• _Aim of the exercise_: Nothing but the lines from the one containing "Now on view in New York</em>" through the one containing "24 1/2 inches", both included, should be given again, each exactly as written below.

• _Given records_:
******
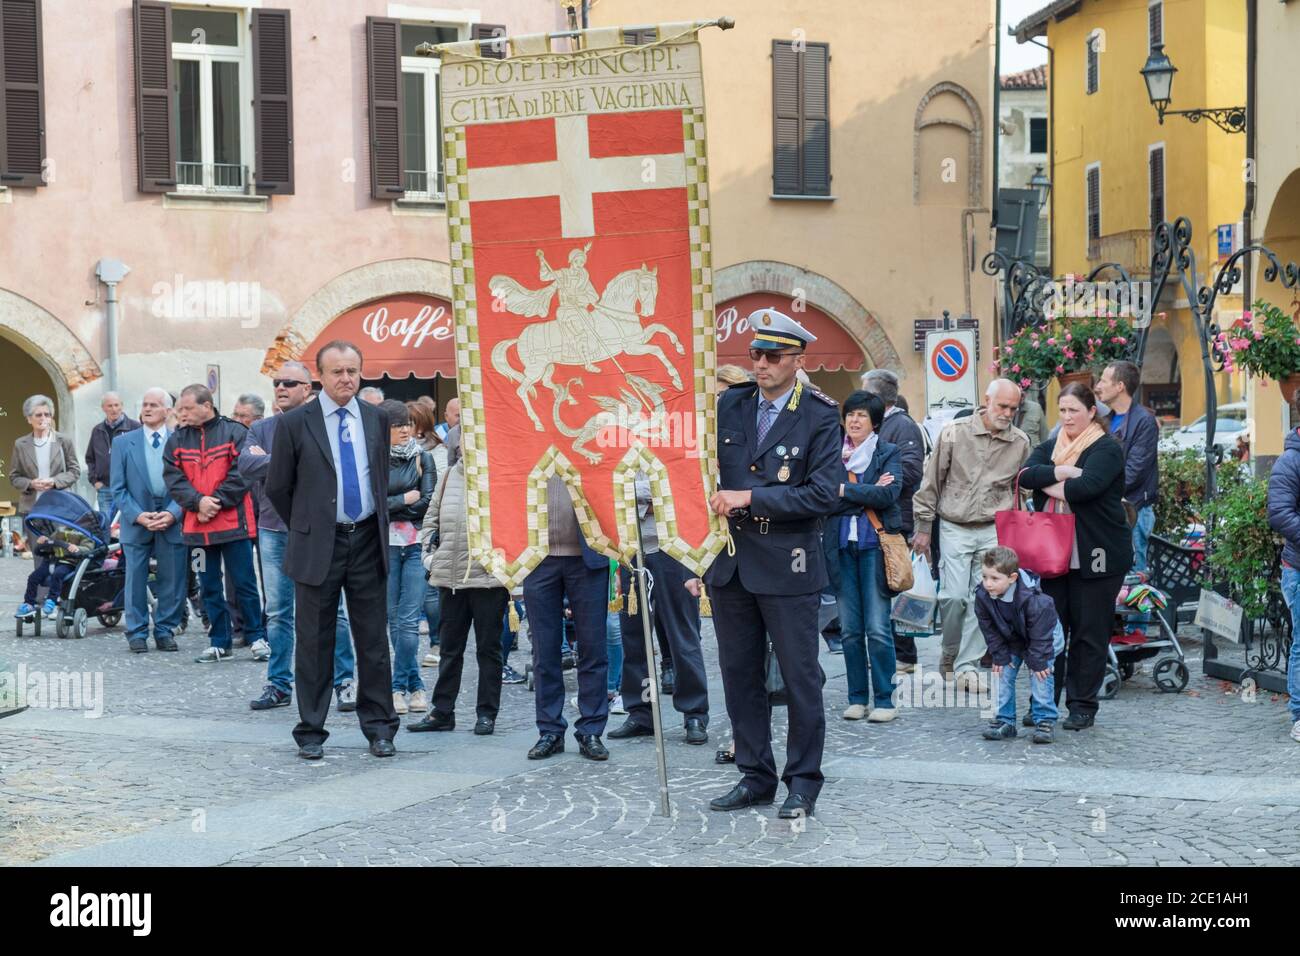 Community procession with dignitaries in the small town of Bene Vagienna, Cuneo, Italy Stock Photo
******
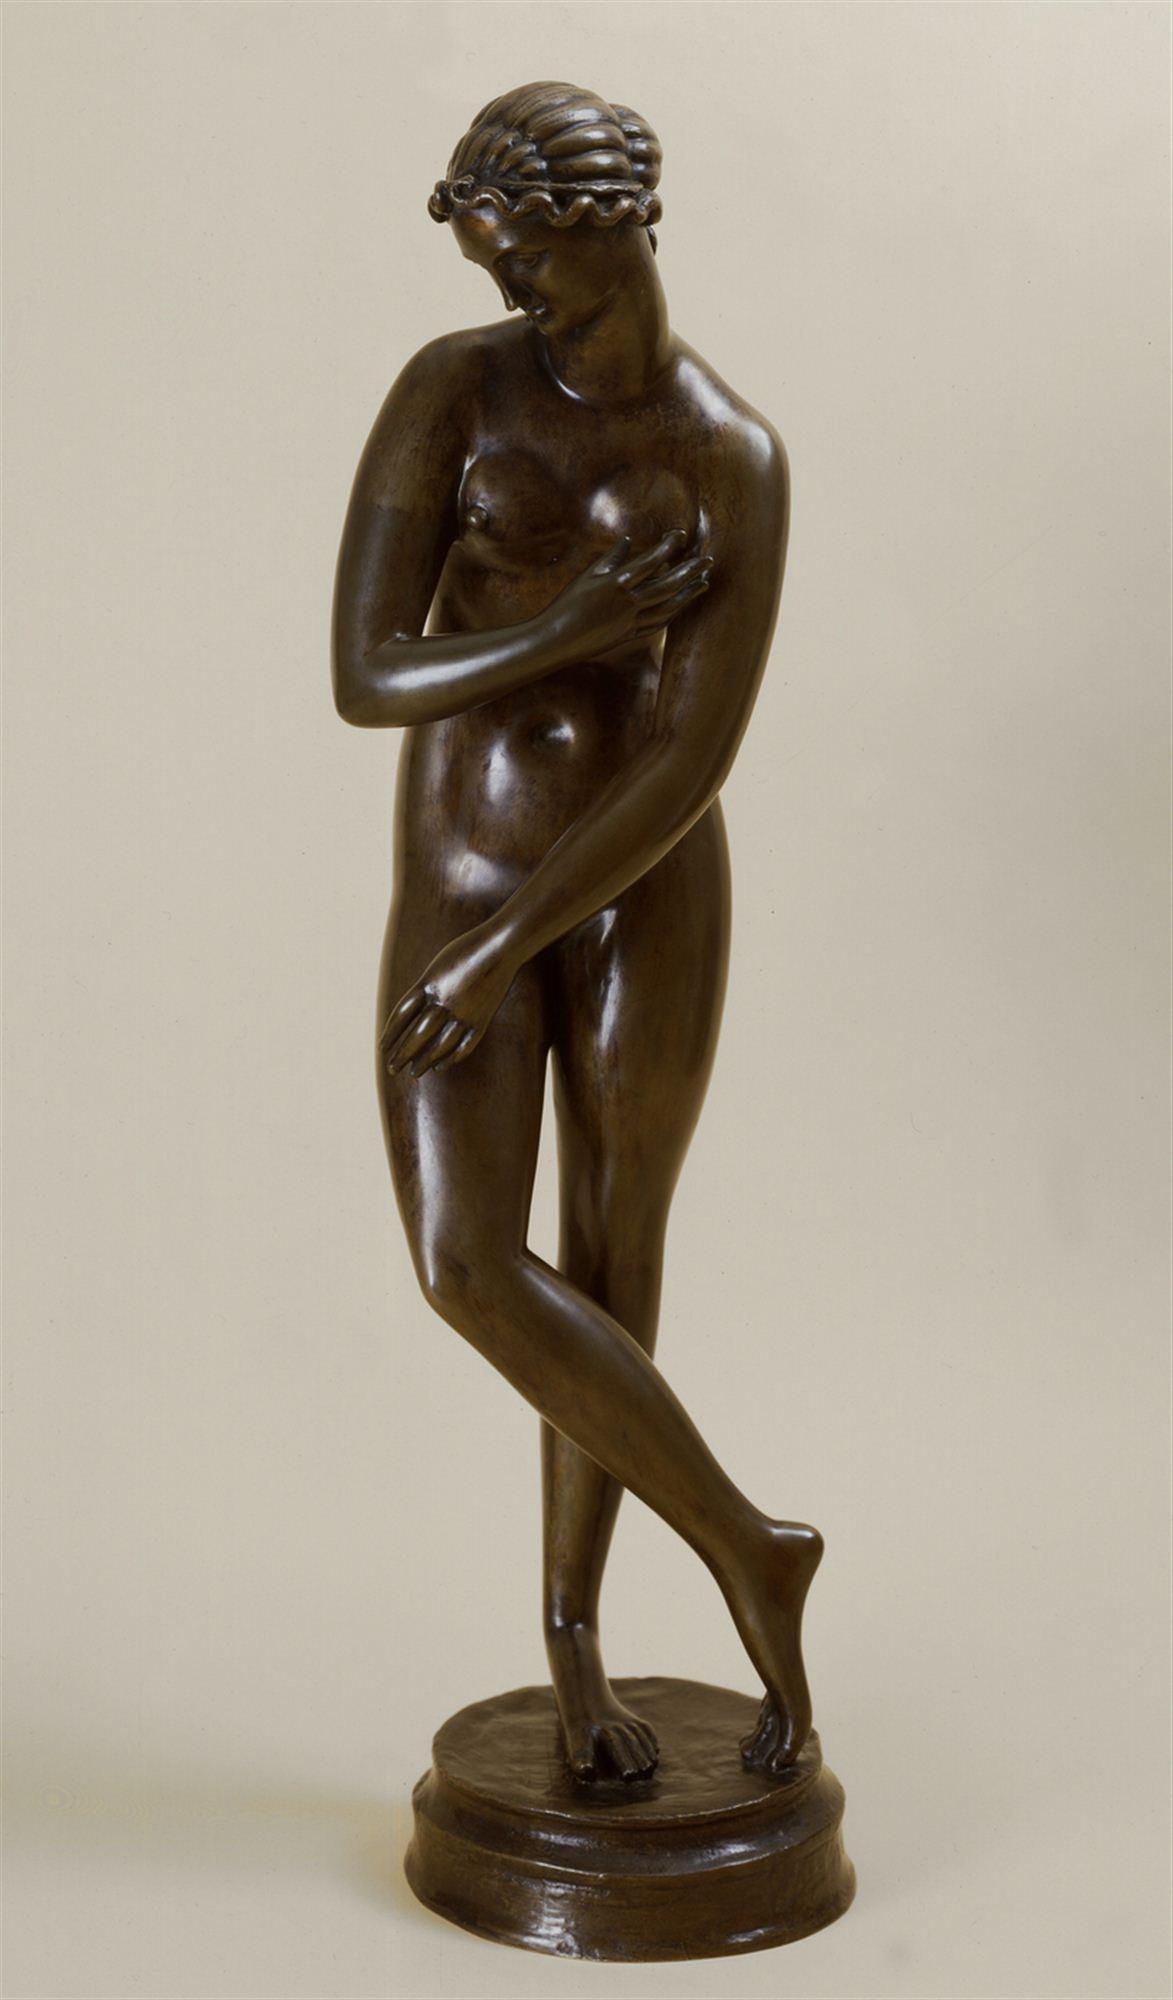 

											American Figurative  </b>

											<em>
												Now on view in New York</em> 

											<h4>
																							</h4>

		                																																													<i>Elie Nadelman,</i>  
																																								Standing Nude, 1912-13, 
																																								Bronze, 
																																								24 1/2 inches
******
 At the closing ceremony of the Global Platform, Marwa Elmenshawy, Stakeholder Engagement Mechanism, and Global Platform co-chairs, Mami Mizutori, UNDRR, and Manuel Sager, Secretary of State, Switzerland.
******
• _Result of this exercise_:
												Now on view in New York</em> 

											<h4>
																							</h4>

		                																																													<i>Elie Nadelman,</i>  
																																								Standing Nude, 1912-13, 
																																								Bronze, 
																																								24 1/2 inches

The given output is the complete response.